▶ YOUR OBJECTIVE
A verbatim copy of all the data is required, minus any images.

▶ INFORMATION PROVIDED

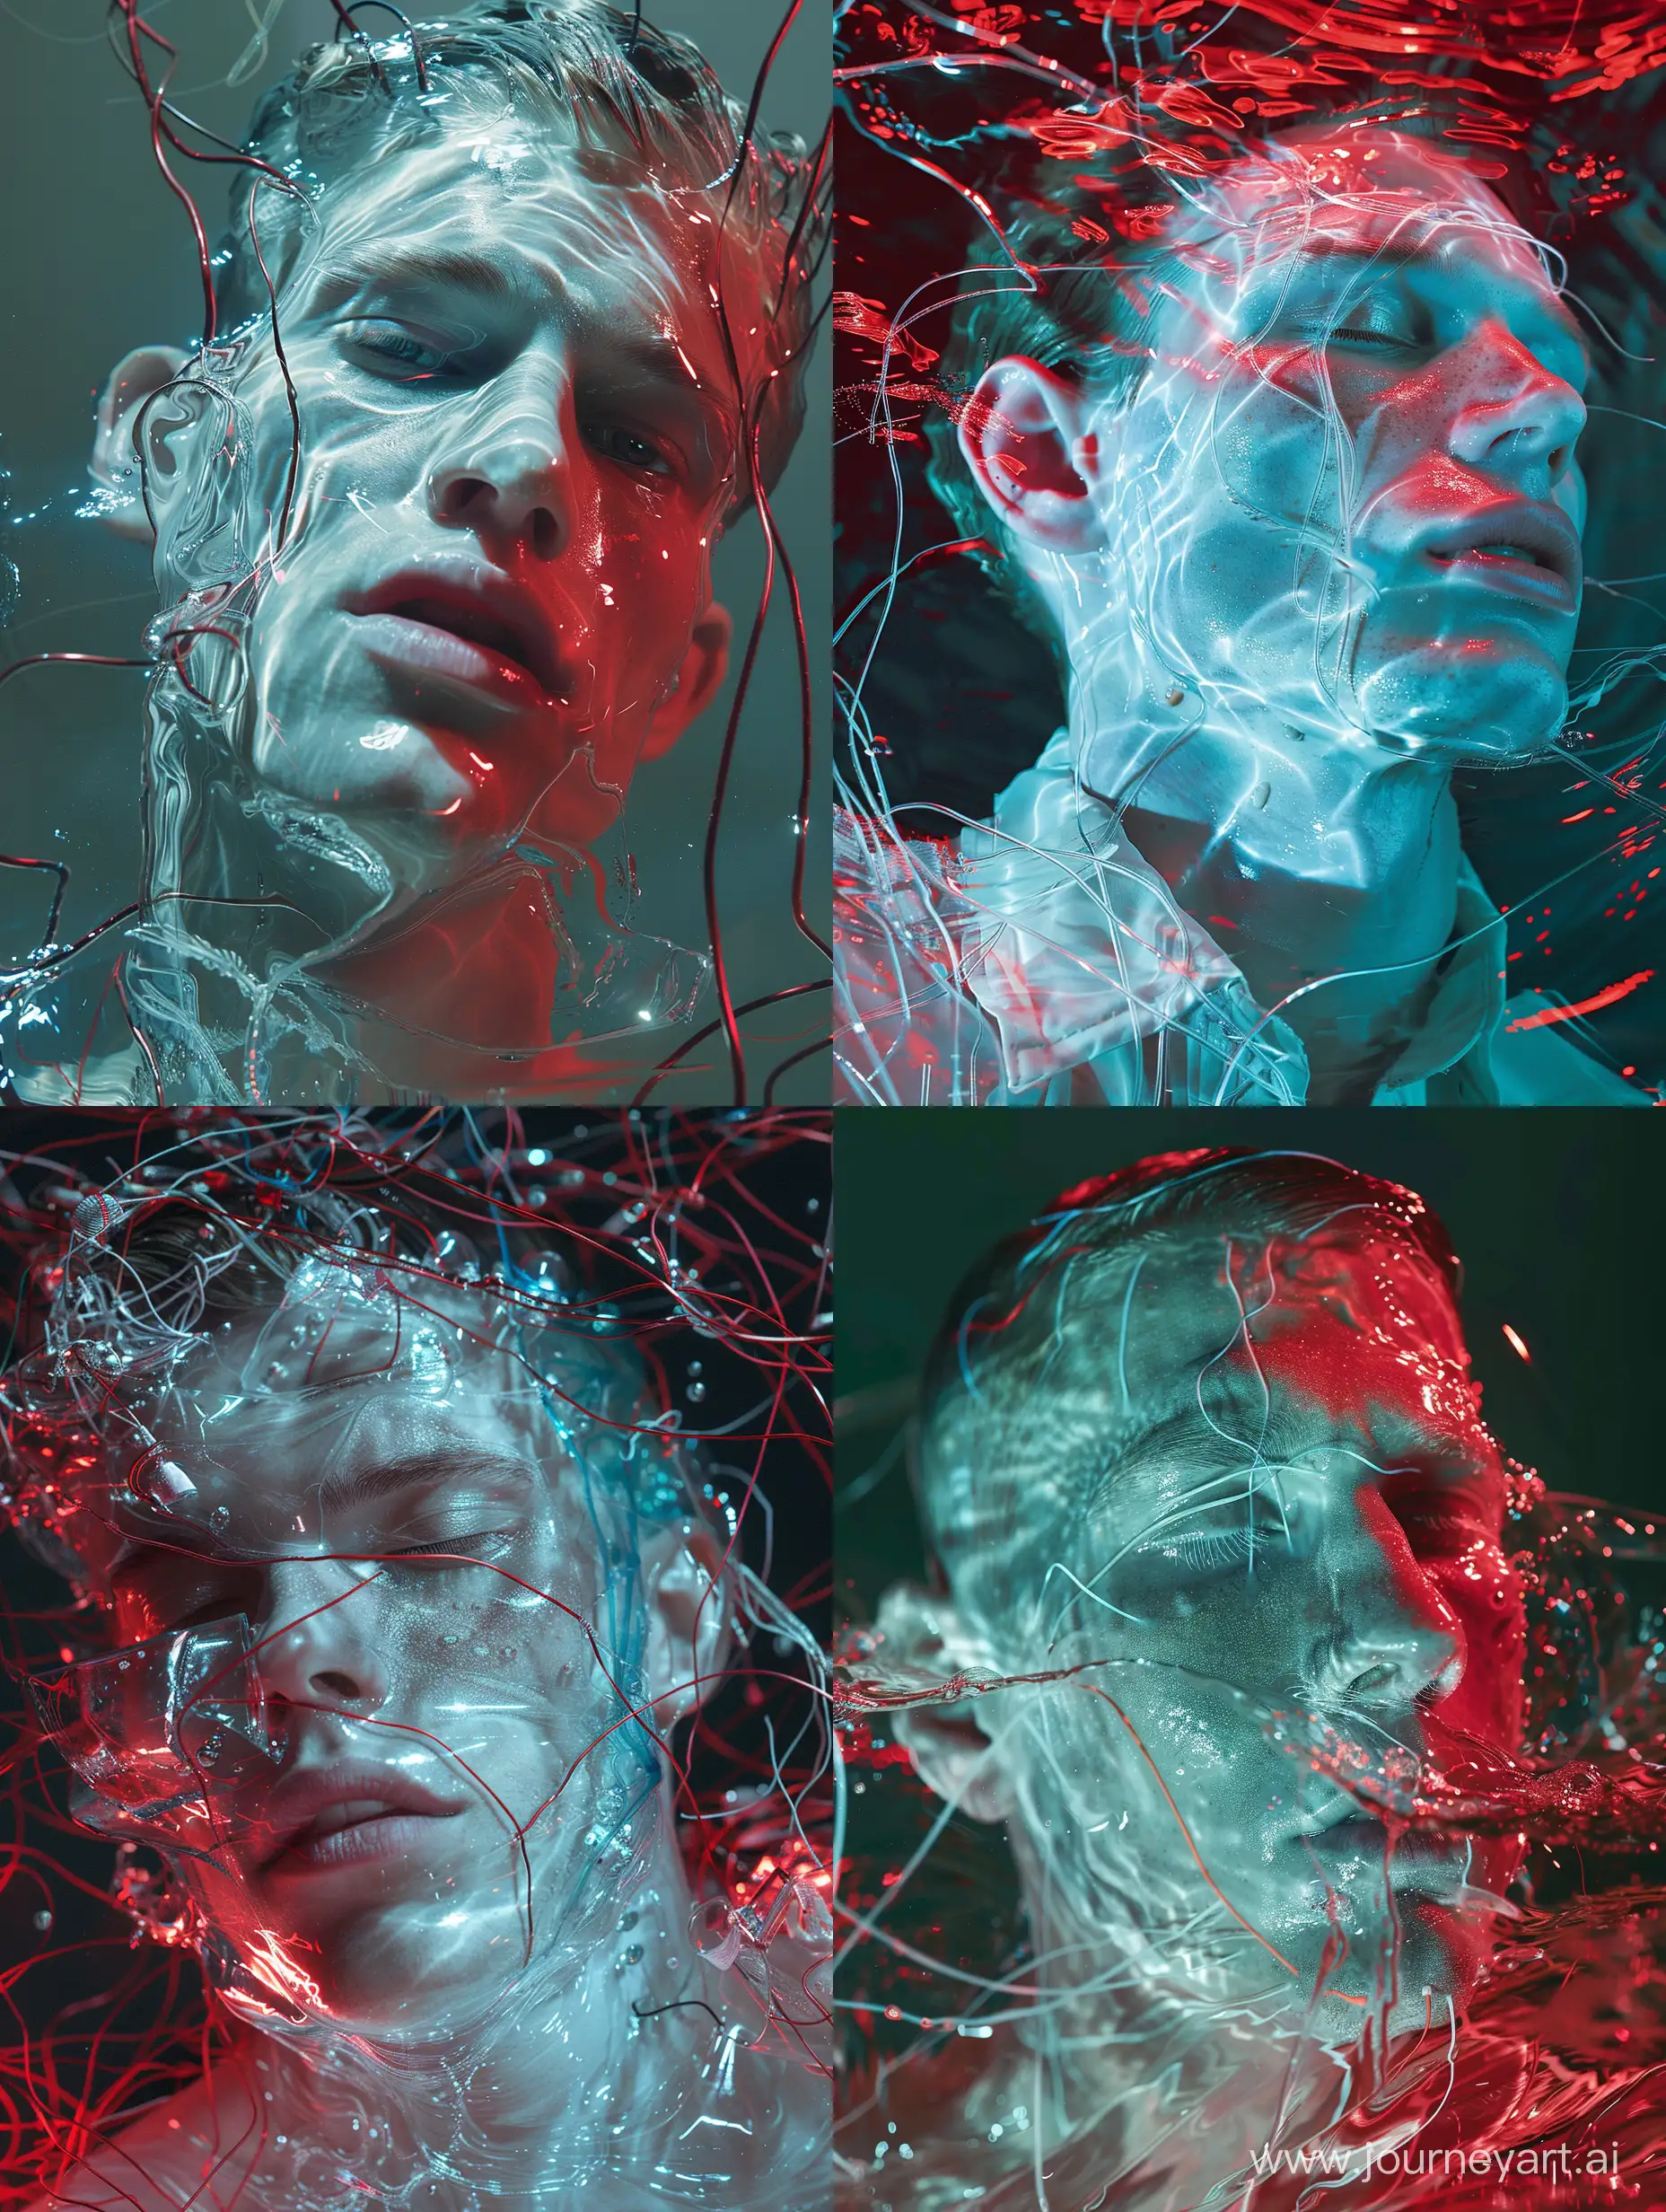 Ethereal-Man-Immersed-in-a-Web-of-Wires-Tim-Walkers-HauteCouture-Portrait
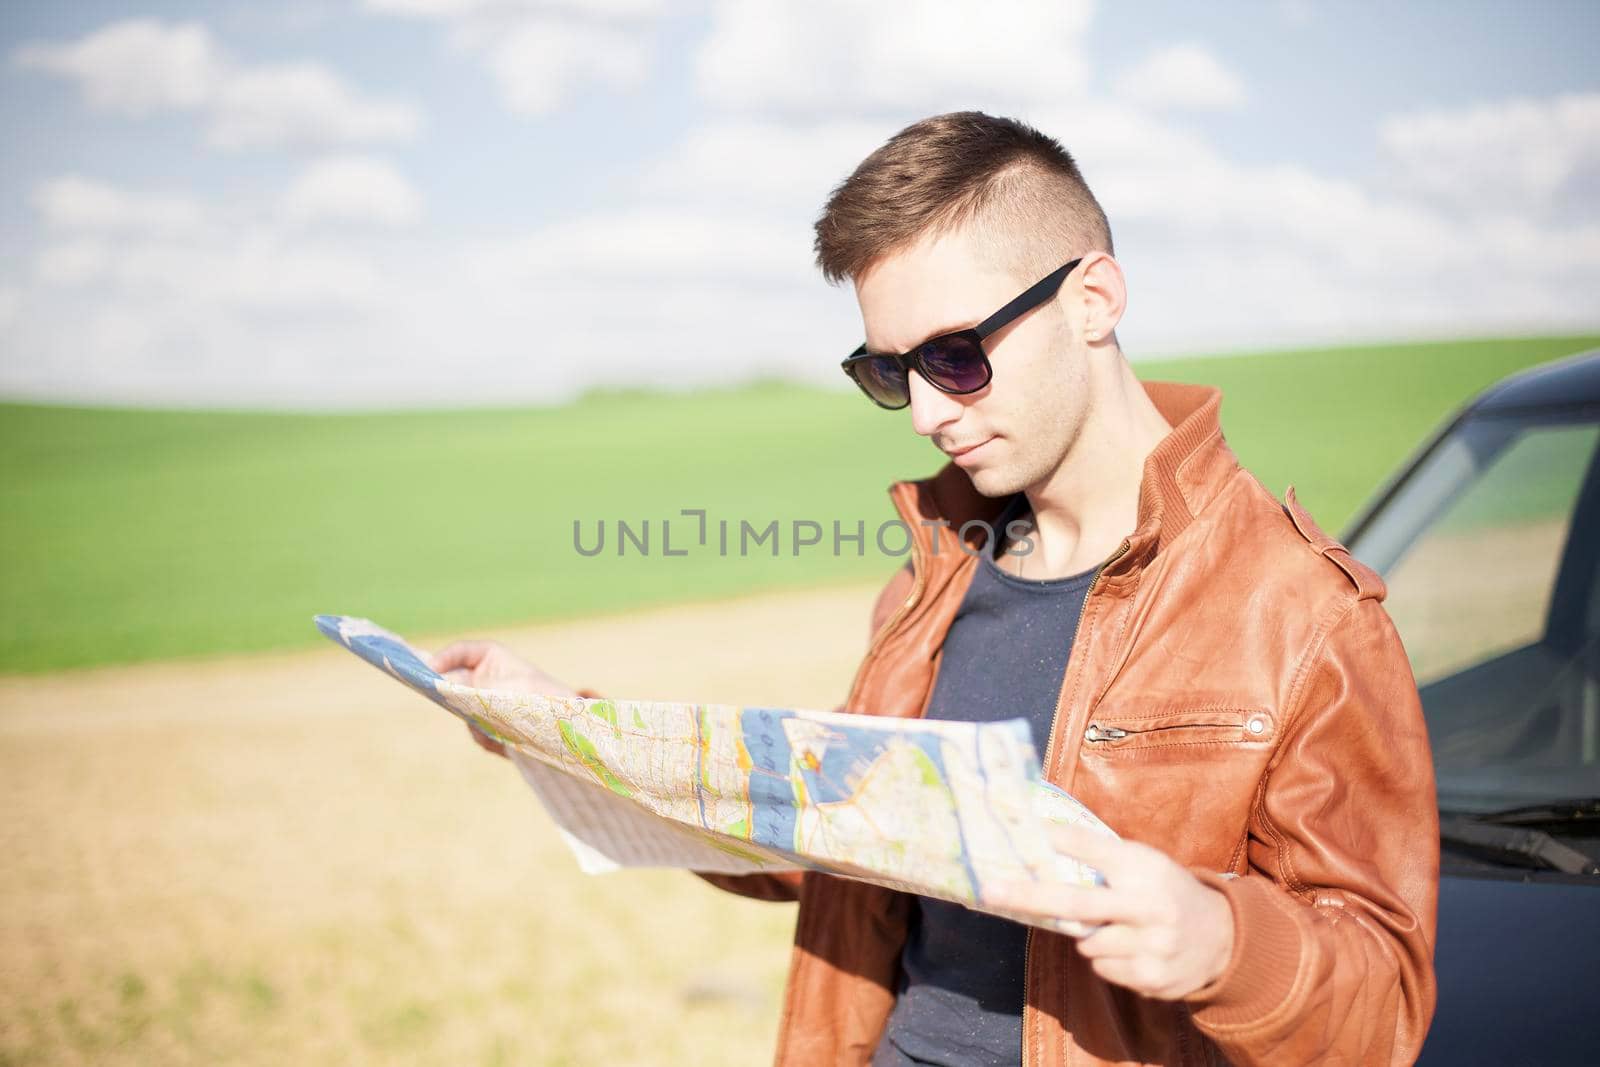 A tourist man next to the car looks at the map of the area for further travel.
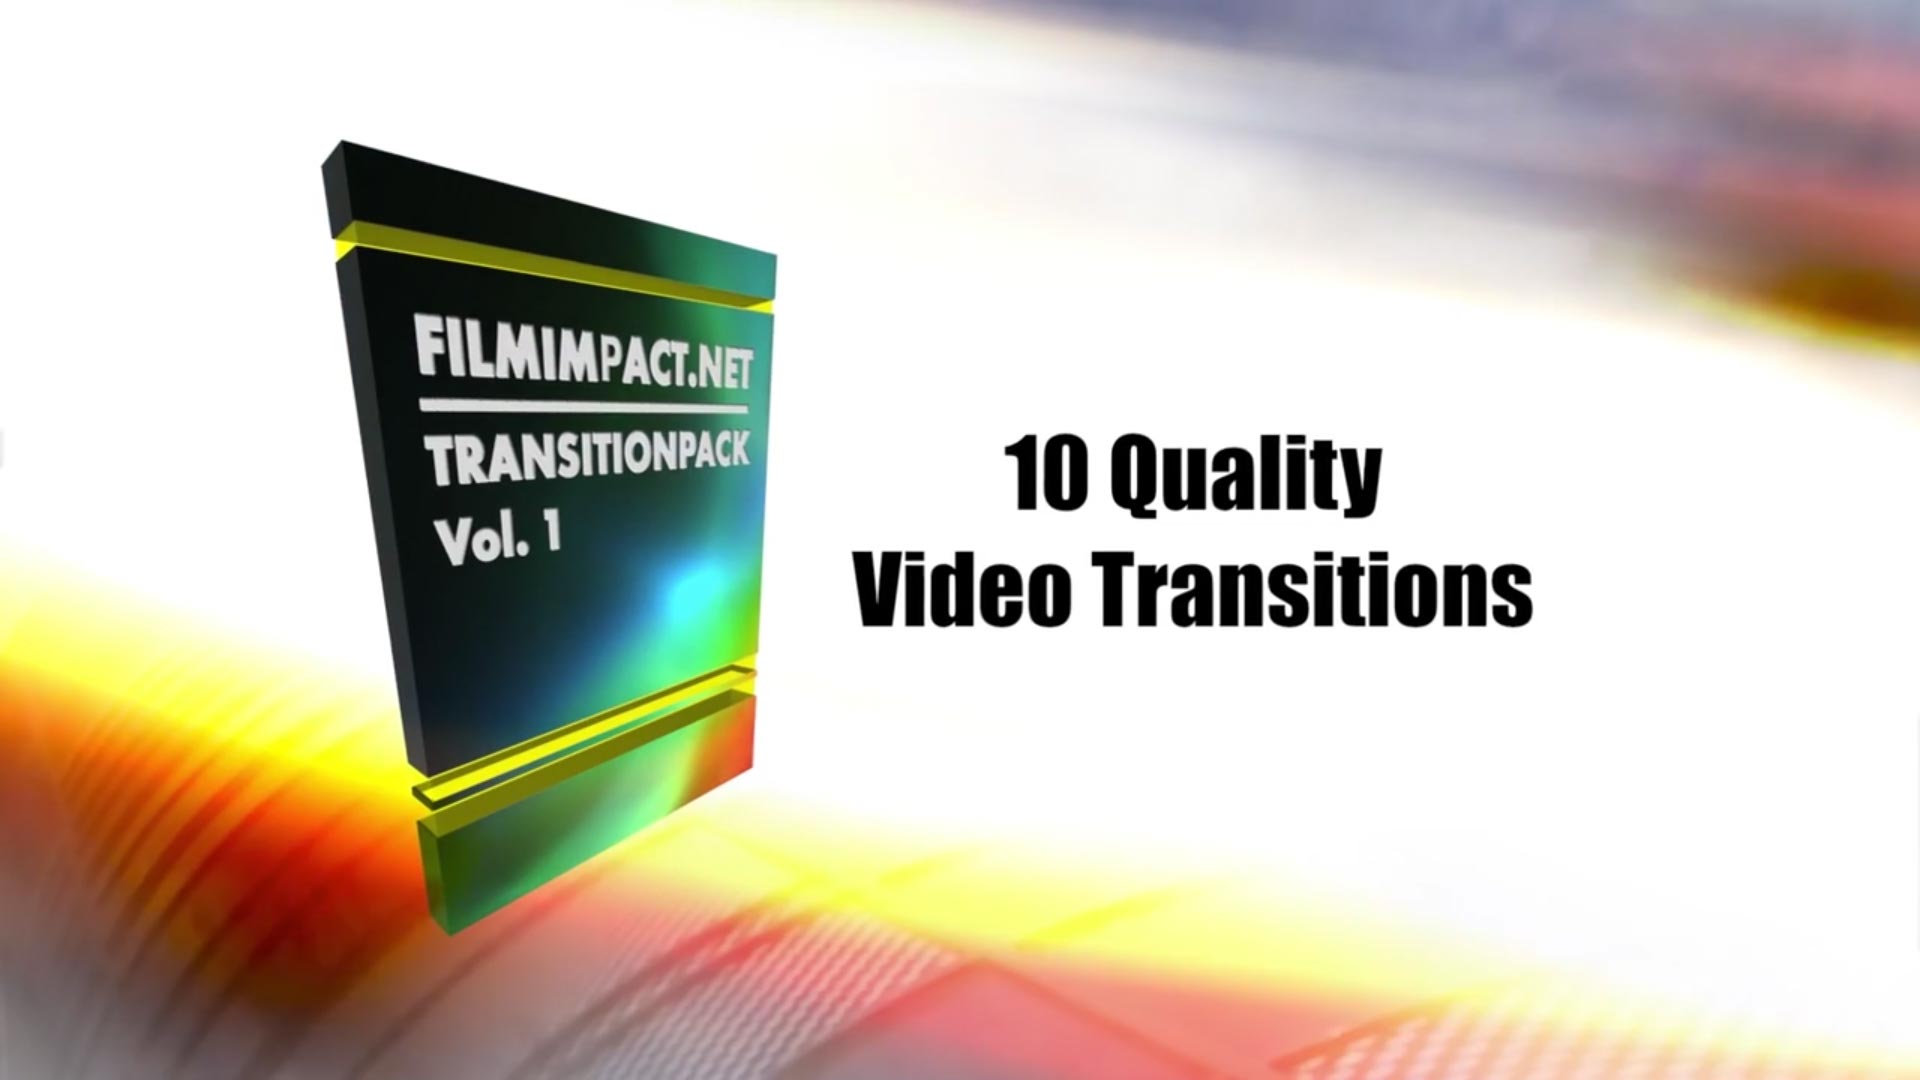 film impact transition pack 1 full download

▶ YOUR SOLUTION
 Ethereal-Man-Immersed-in-a-Web-of-Wires-Tim-Walkers-HauteCouture-Portrait
 A tourist man next to the car looks at the map of the area for further travel.
 film impact transition pack 1 full download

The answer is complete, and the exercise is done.